→ EXTRACTED INFORMATION:

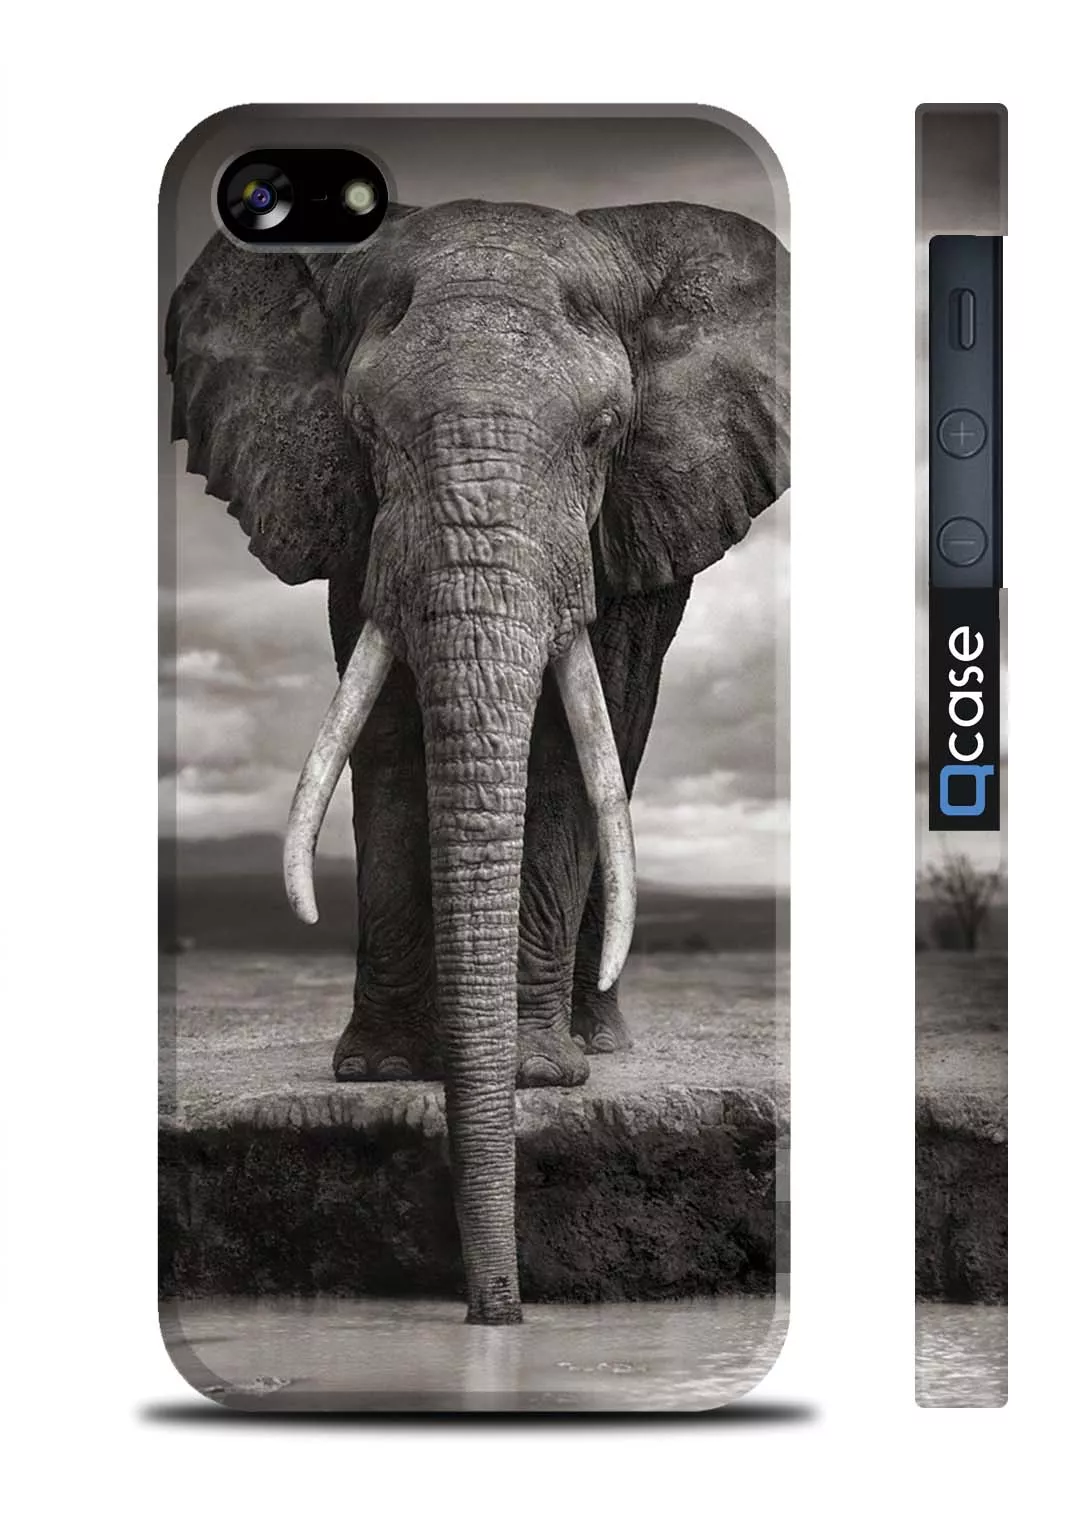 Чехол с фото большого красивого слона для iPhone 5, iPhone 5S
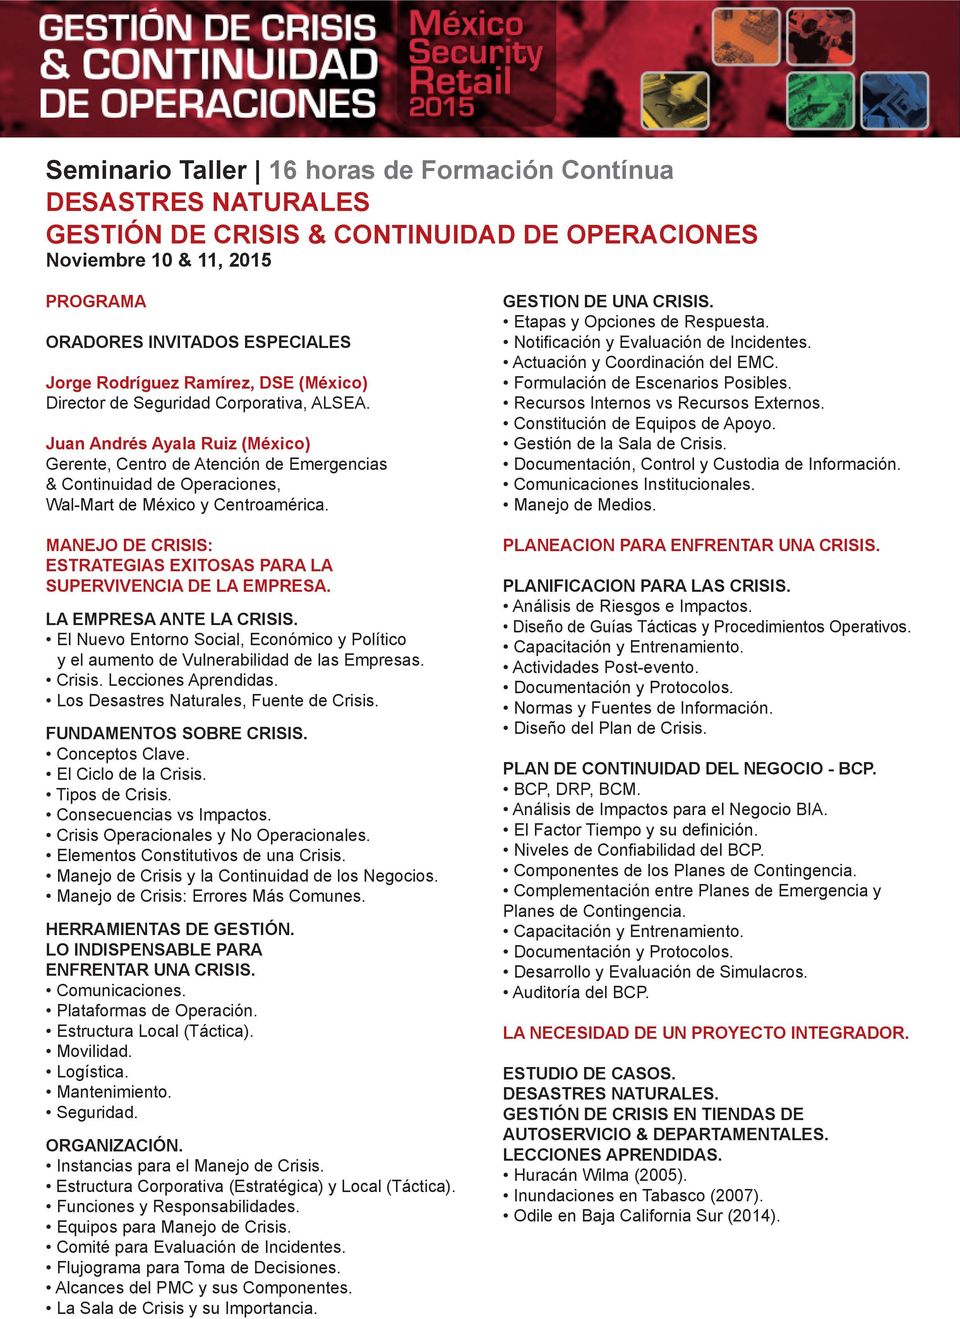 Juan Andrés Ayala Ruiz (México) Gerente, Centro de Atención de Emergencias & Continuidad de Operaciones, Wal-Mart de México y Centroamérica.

...

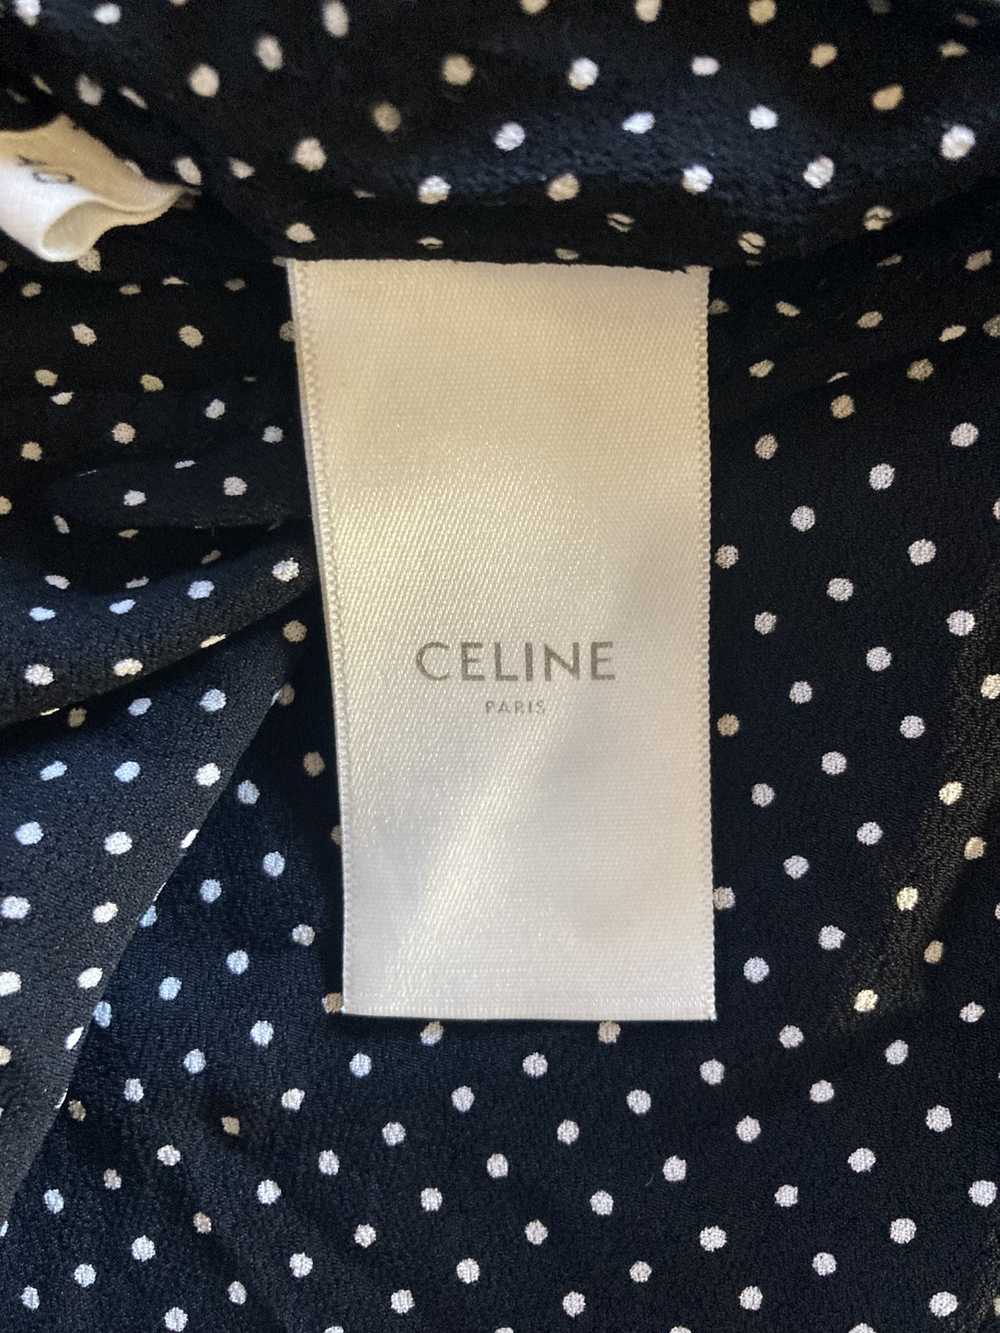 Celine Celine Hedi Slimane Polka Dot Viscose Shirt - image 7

→ YOUR GOAL: Out of the records above, please copy exactly the lines from the line with "Чехол с фото" up to and including the line with "Juan Andrés Ayala", minus the pictures.

→ RESPONSE:
 Чехол с фото большого красивого слона для iPhone 5, iPhone 5S
 Juan Andrés Ayala Ruiz (México) Gerente, Centro de Atención de Emergencias & Continuidad de Operaciones, Wal-Mart de México y Centroamérica.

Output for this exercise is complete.